Perched above all the other border villages, Manara was uniquely vulnerable to Hezbollah fire throughout the war. Three-quarters of its structures were damaged.
In the kibbutz’s communal kitchen and dining hall, ceiling beams have collapsed. The uprooted floorboards are covered with ash from fires that also claimed much of the kibbutz’s cropland.
Rocket fragments abound. The torso of a mannequin, a decoy dressed in army green, lies on the ground.
Weinberg tried to stay in Manara during the war, but after anti-tank shrapnel damaged her home, soldiers told her to leave. On Thursday, she walked along her street, which looks out directly over a UNIFIL position separating the kibbutz from a line of Lebanese villages that have been decimated by Israeli bombardment and demolitions.
Weinberg said UNIFIL hadn’t prevented Hezbollah’s build-up in the past, “so why would they be able to now?”
“A ceasefire here just gives Hezbollah a chance to rebuild their power and come back to places that they were driven out of,” she said.
The truce seemed fragile.
Associated Press reporters heard sporadic bursts of gunfire, likely Israeli troops firing at Lebanese attempting to enter the towns. Israel’s military says it is temporarily preventing Lebanese civilians from returning home to a line of towns closest to the border, until the Lebanese military can deploy there in force.
Even in less battered communities, no one returns home. Though the atmosphere along the border was tense, Malkiya showed signs of peace. With Hezbollah’s rockets stopped, some residents returned briefly to the kibbutz to peer around cautiously.
At a vista overlooking the border, where the hulking wreckage of Lebanese villages could be made out, a group of around 30 soldiers gathered. Just days ago, they would have made easy targets for Hezbollah fire.
Malkiya has sustained less damage than Manara. Still, residents said they would not return immediately. During a year of displacement, many have restarted their lives elsewhere, and the idea of going back to a front-line town on the border is daunting.
In Lebanon, where Israeli bombardment and ground assaults drove some 1.2 million people from their homes, some of the displaced crowded into schools-turned-shelters or slept in the streets.

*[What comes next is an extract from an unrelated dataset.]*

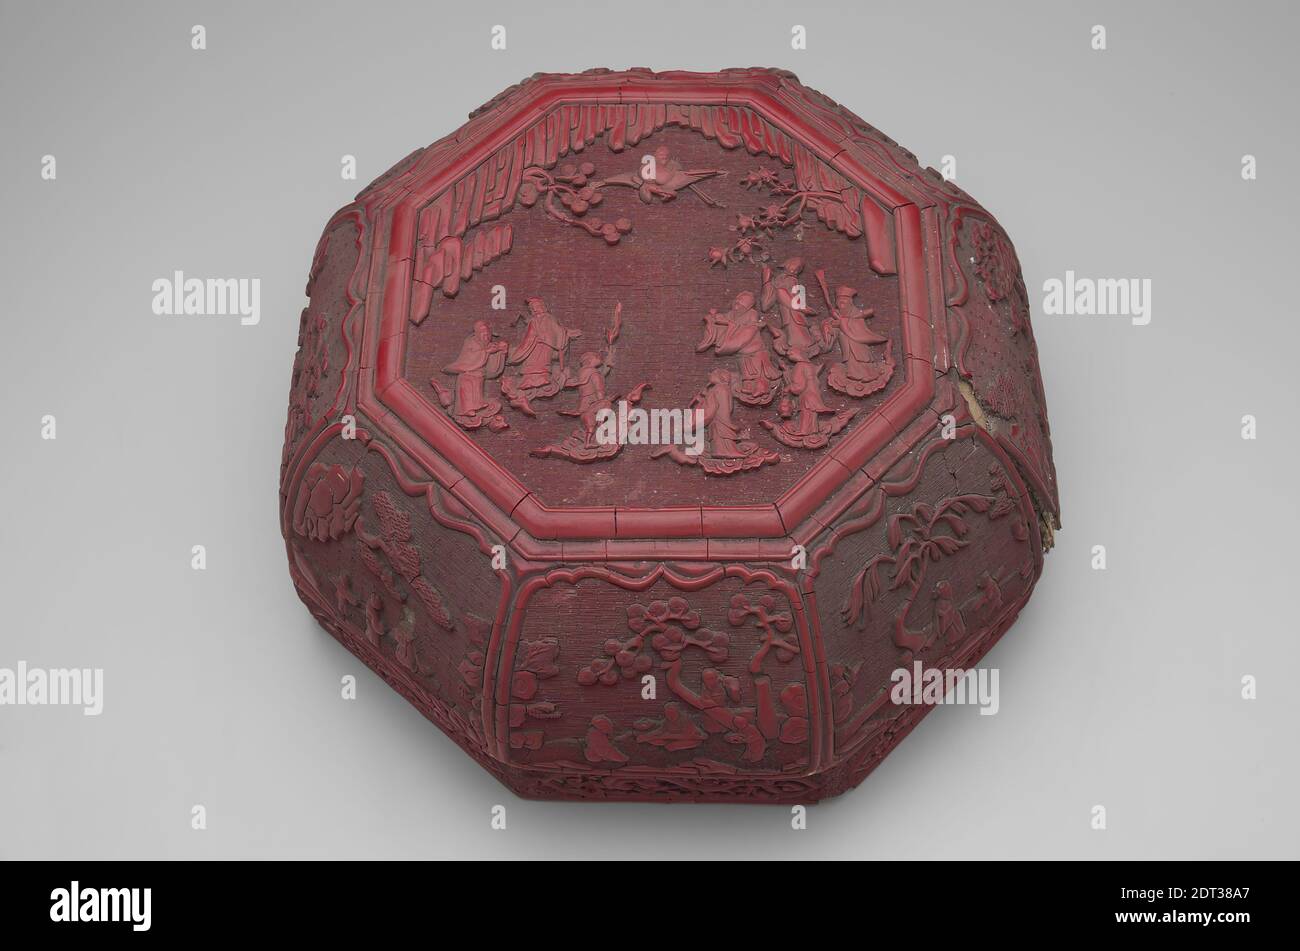 Box with Daoist Immortals, 19th century, Carved red lacquer, 6 1/16 × 12 3/4 in. (15.4 × 32.4 cm), China, Chinese, Qing dynasty (1644–1911), Containers - Wood Stock Photo

In Israel, the government paid for hotels for evacuees and helped accommodate children in new schools. Gould predicted residents would return to the kibbutz only when government subsidies for their lodging dried up — “not because they want to, but because they feel like they can’t afford an alternative.”

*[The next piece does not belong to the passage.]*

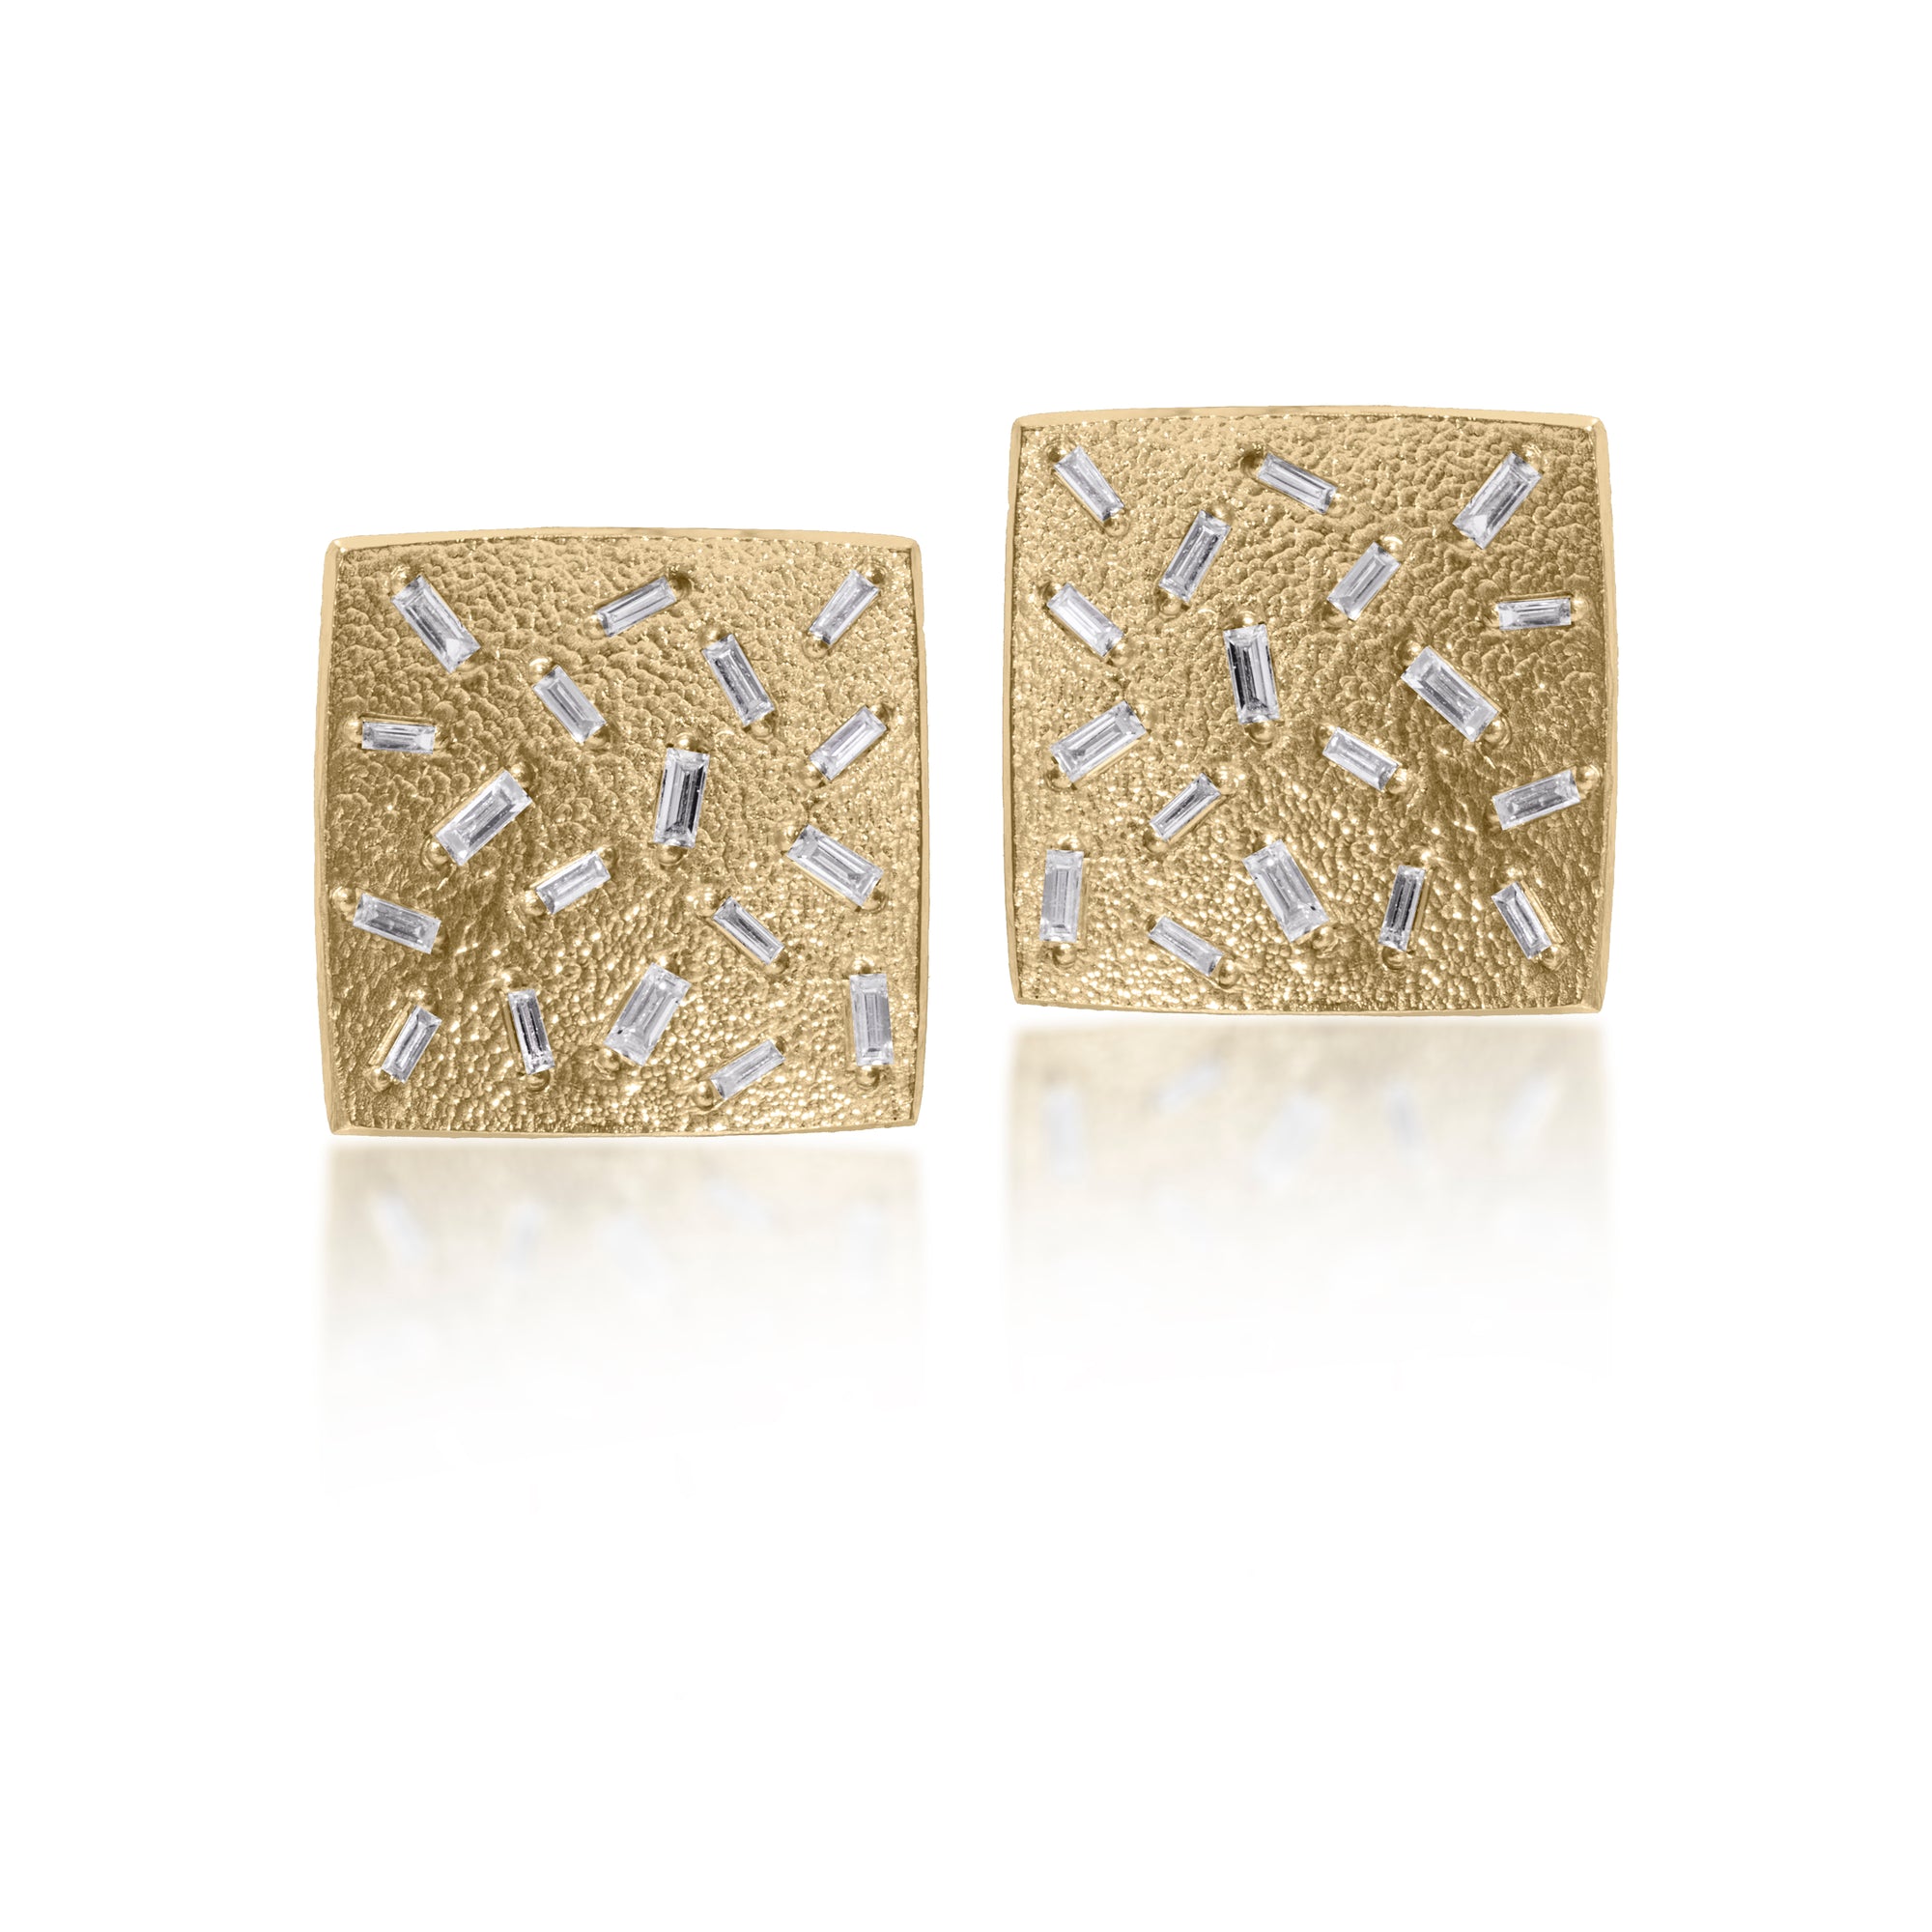 This simple but dramatic post earring is perfect for everyday or a fabulous night out.  Offered in three richly textured color ways, oxidized sterling, 18k gold, palladium.  Each earring set with 18 white diamond baguettes.   0.972 tcw.

“It’s not just a security issue,” Gould said. “We’ve spent more than a year rebuilding our lives wherever we landed. It’s a question of having to gather that up and move back somewhere else, somewhere that’s technically our old house but not a home. Nothing feels the same.”

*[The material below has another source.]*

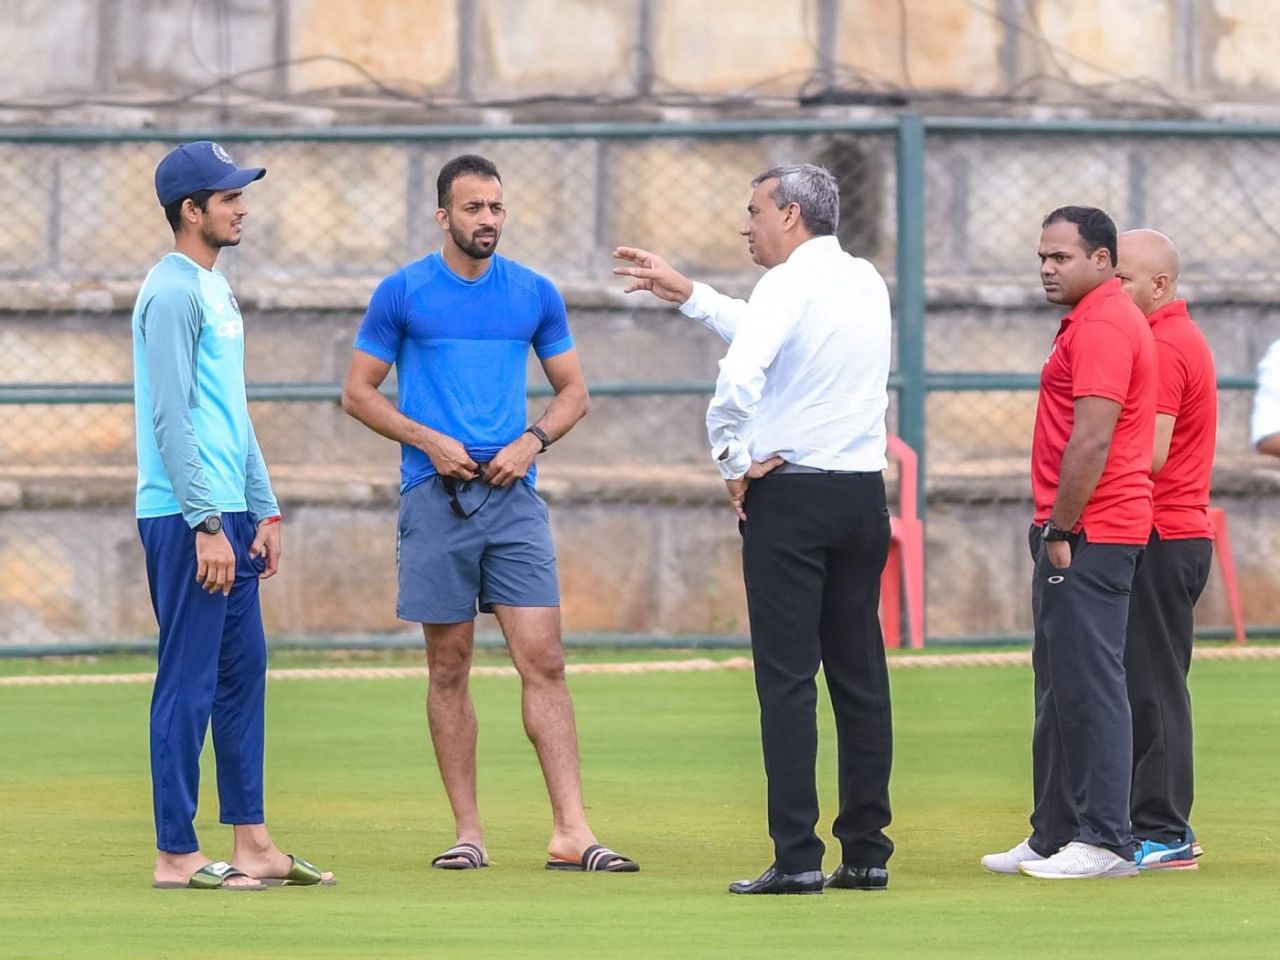 Match referee Sunil Chaturvedi talks to Shubman Gill and Faiz Fazal as Nitin Menon and Virender Sharma look on, India Blue v India Green, Just Cricket Academy Ground, 4th day, August 20, 2019

It’s unclear if schools in the border communities will have enough students to reopen, Gould said, and her children are already enrolled elsewhere. She’s enjoyed living farther from the border, away from an open war zone.
There’s also a deep feeling that the communities were abandoned by the government, Sweetland said.
Sweetland is one of roughly 25 civilian security volunteers who stayed throughout the war, braving continual rocket fire to keep the kibbutz afloat. They repaired damaged homes, put out blazes and helped replace the kibbutz generator when it was taken out by Hezbollah fire. They were on their own, with no firefighters or police willing to risk coming, he said.
“We didn’t have any help for months and months and months, and we pleaded, ‘Please help us.’”
Sweetland said he will keep watching over the hushed pathways of the once-vibrant community in hopes his neighbors will soon feel safe enough to return. But he predicted it would take months.
Weinberg hopes to move back to Manara as soon as possible. On Thursday, she spotted a former neighbor who was about to leave after checking the damage to her home.
Weinberg grasped her hand through the car window, asking how she was. The woman grimaced and began to cry. Their hands parted as the car slowly rolled out through the gates and drove away.